• Fri. Dec 8th, 2023

Midnight Mass: Review

ByEmma Conn

Nov 7, 2021

About one year ago, I wrote the review for Mike Flanagan’s follow-up to his incredibly successful horror series The Haunting of Hill House, The Haunting of Bly Manor. Bly Manor, like Hill House before it, was a visual essay on the ghosts that haunt us. Not the spirits necessarily, but the regrets, the fears, the abandoned hopes, that follow us around day to day. Bly Manor was lovely, truly, it was, but in the end the two shows had a very similar central message: that not all of the ghosts that haunt us are spirits. As lovely as that message was, I was worried that Midnight Mass would be much the same, just another edition in that now tired story.

I am very pleased to have been proven wrong. Although Midnight Mass has the visual bleakness of those ten-a-penny Scandinavian murder shows, Mike Flanagan’s magnum opus is truly unique. Rather than revolving around a house like his previous series, Midnight Mass takes place on Crockett Island, an isolated, largely Catholic community 30 miles off mainland USA. In the beginning of the series, the island welcomes home Riley Flynn (Zach Gilford), who has just finished off a stint in prison for drunk driving, and Erin Green (Kate Siegel), Riley’s childhood sweetheart and recently returned runaway. The island also welcomes newcomer Father Paul (Hamish Linklater), who has come to replace the aging Monsignor Pruitt as head of the island’s church. When Father Paul performs a miracle that seems straight out of the New Testament, Riley, Erin, and the rest of the island are swept up in a religious fervour that threatens to consume them all.

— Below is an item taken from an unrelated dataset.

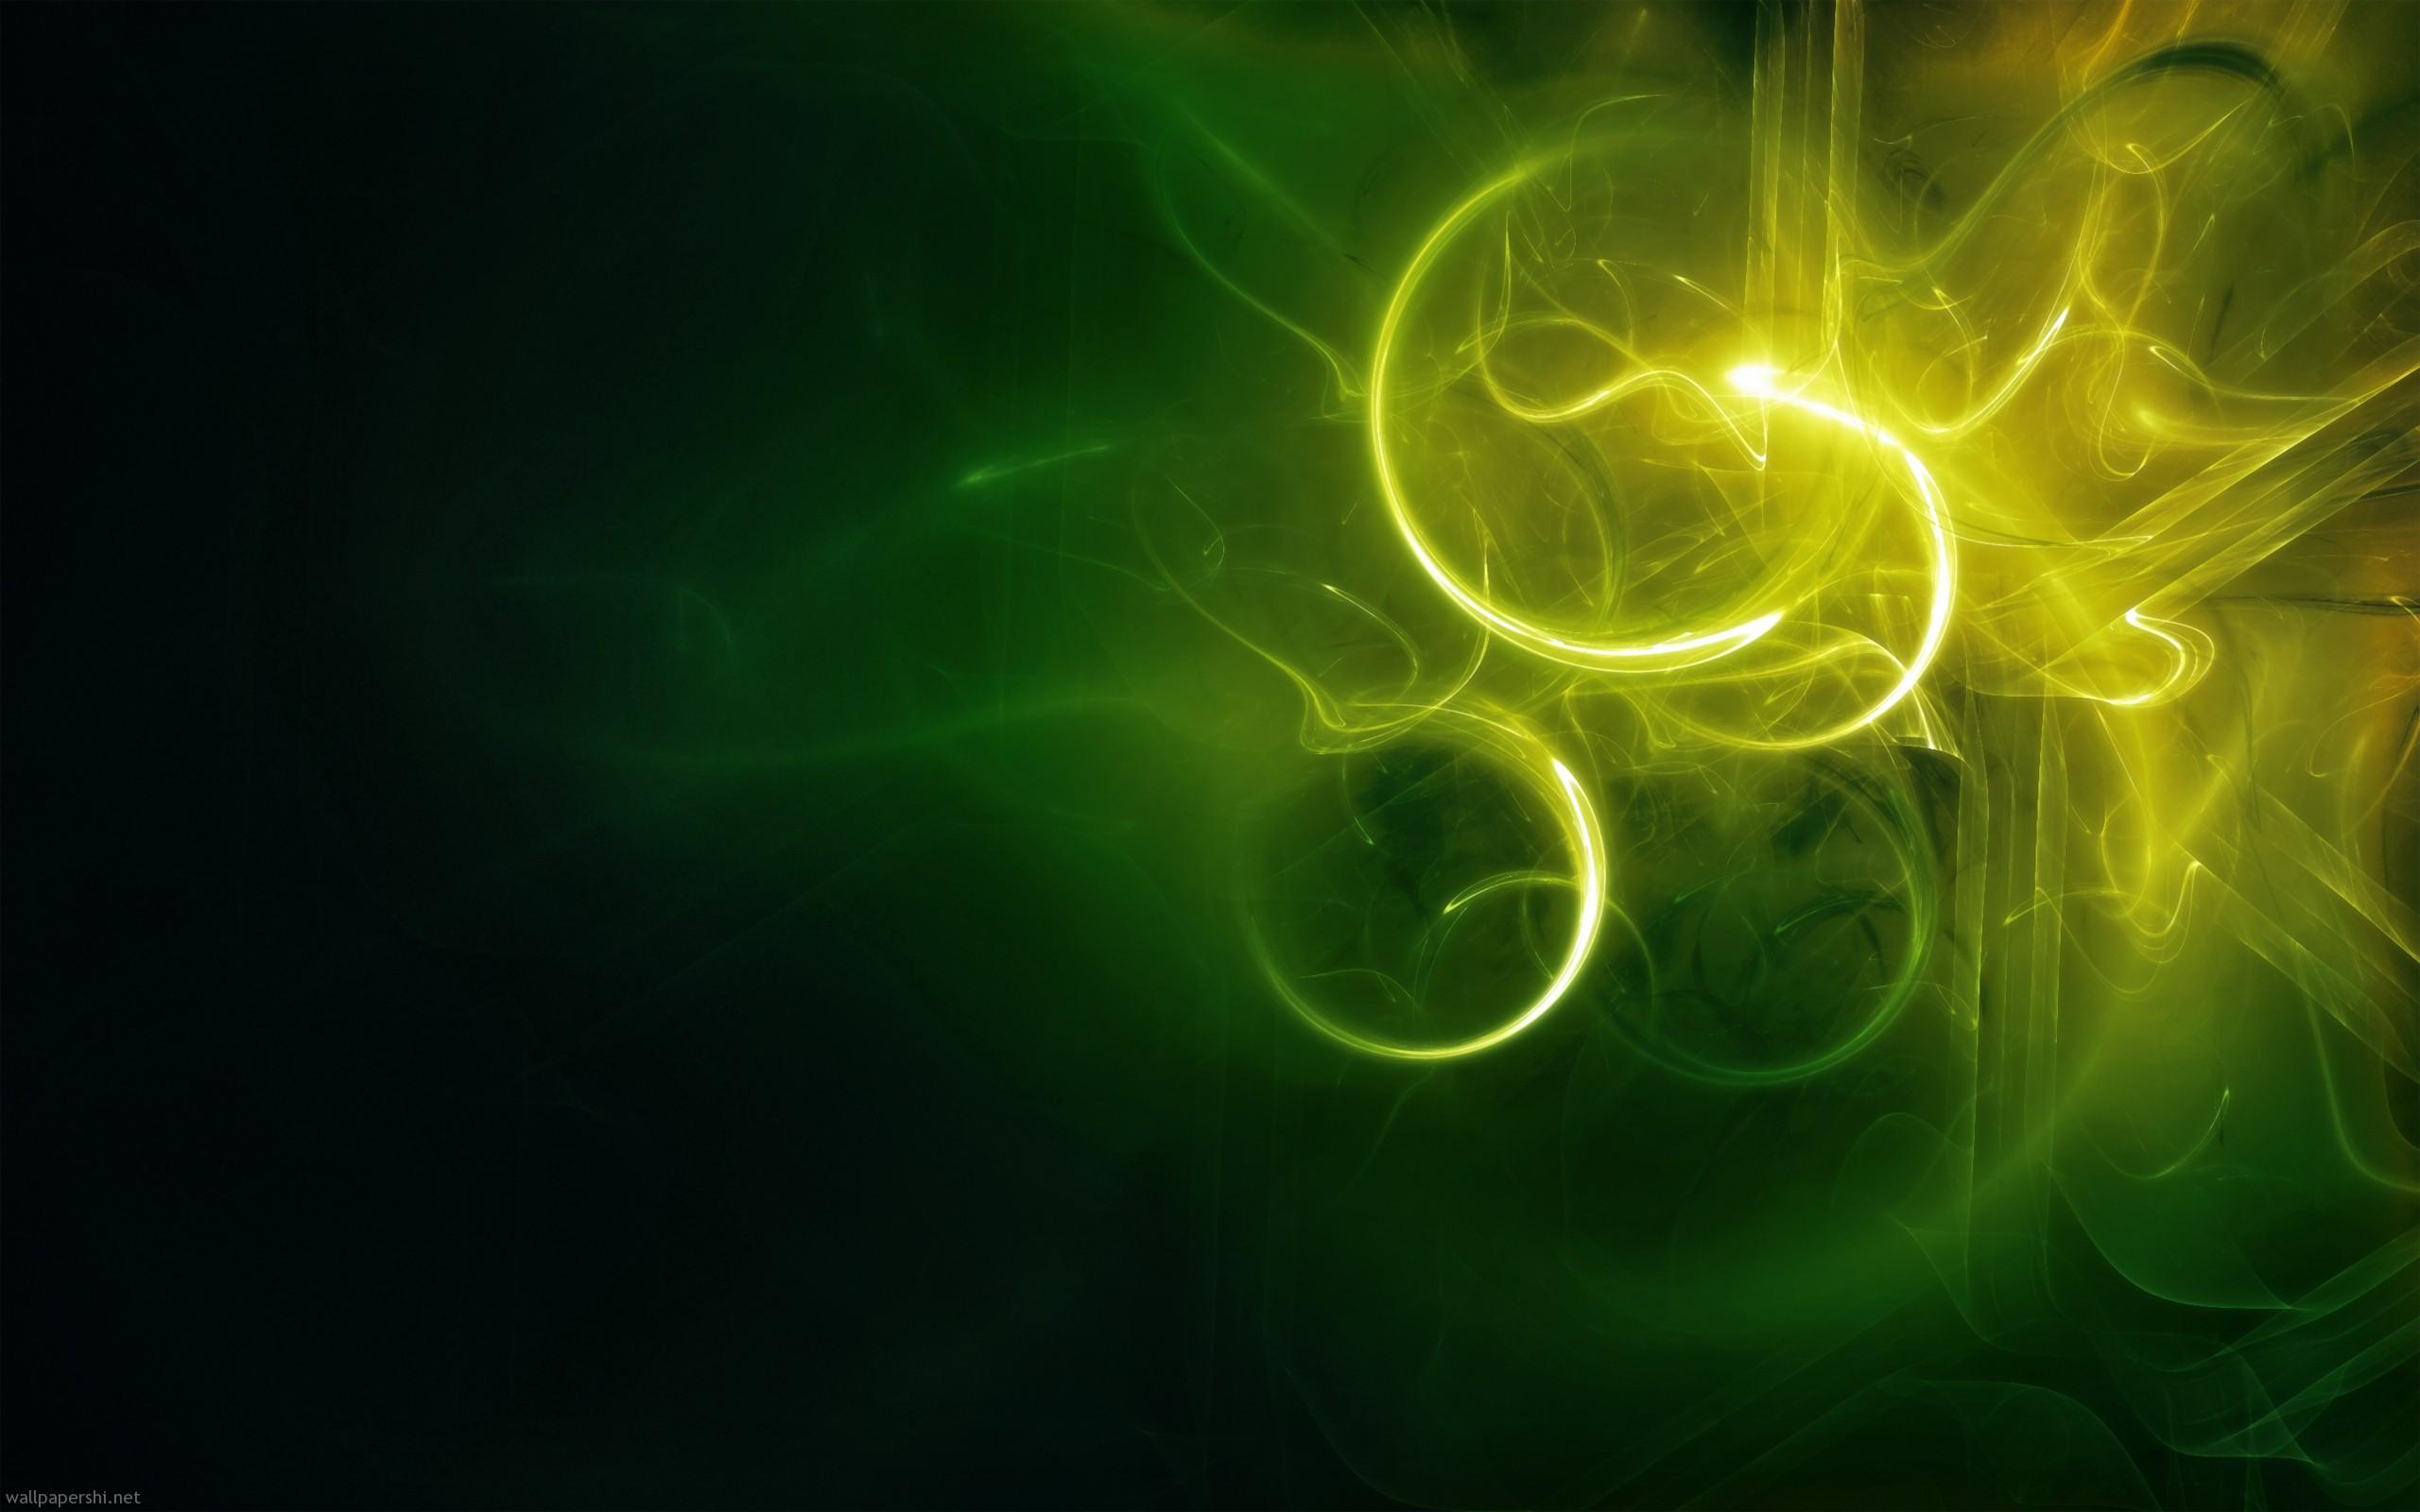 Abstract yellow green drawing

Personally, I am a huge fan of the little discussed genre of religious horror. The Exorcist, The VVitch, Saint Maud, you name it, I love it. Many of my favourite horror movies have aspects of religion sewn into them, weaving their way through the story. The dichotomy between the comfort and purity of religion and the gritty uneasiness of horror seem to fit together in a way that just seems right. But for Mike Flanagan, the two are not mutually exclusive. In Midnight Mass there is not religion in horror, there is horror in religion, and in that way, Flanagan’s newest show shines amongst its peers.

In Midnight Mass, the monstrous is divine, and no one better demonstrates this than the two stand-out actors of the show, Hamish Linklater and Samantha Sloyan. Both play characters who are firmly Catholic, one being a priest and the other a religious zealot, and it is their believability that sells the horror. Linklater, besides being another strong contestant in the Hot Priest Olympics, shines in his role as Father Paul, bringing nuance to a character who could have been firmly placed as the show’s antagonist. Father Paul’s brush with divinity and his blind faith in his religion are utterly convincing; however, it is Sloyan’s Bev Keane that truly develops the horror of Midnight Mass.

Samantha Sloyan’s Bev Keane is every intolerant hyper-religious person you’ve ever met. She masterfully twists her faith for personal gain. Whether it is embezzling money donated to the church or cheerfully aiding and abetting murderers, she is able to write it off as God’s plan. Bev Keane is fun to hate, it’s true, but she is also genuinely terrifying in her realism. To me, the real horror of Midnight Mass is the way that humans are able to twist religion to their own ends, to make the monstrous divine. Mike Flanagan does not rely on cheap jump scares to make his show scary; he doesn’t need to. He knows that religious extremism is scary enough on its own.

In the end, Mike Flanagan’s newest horror series cements him as one of the best horror directors of this generation, because he knows that the scariest things on this earth are not monsters, but other humans.

It has been recently announced that Mike Flanagan will be directing a new horror show based on the works of Edgar Allen Poe, so I guess I will see you all then. I cannot wait.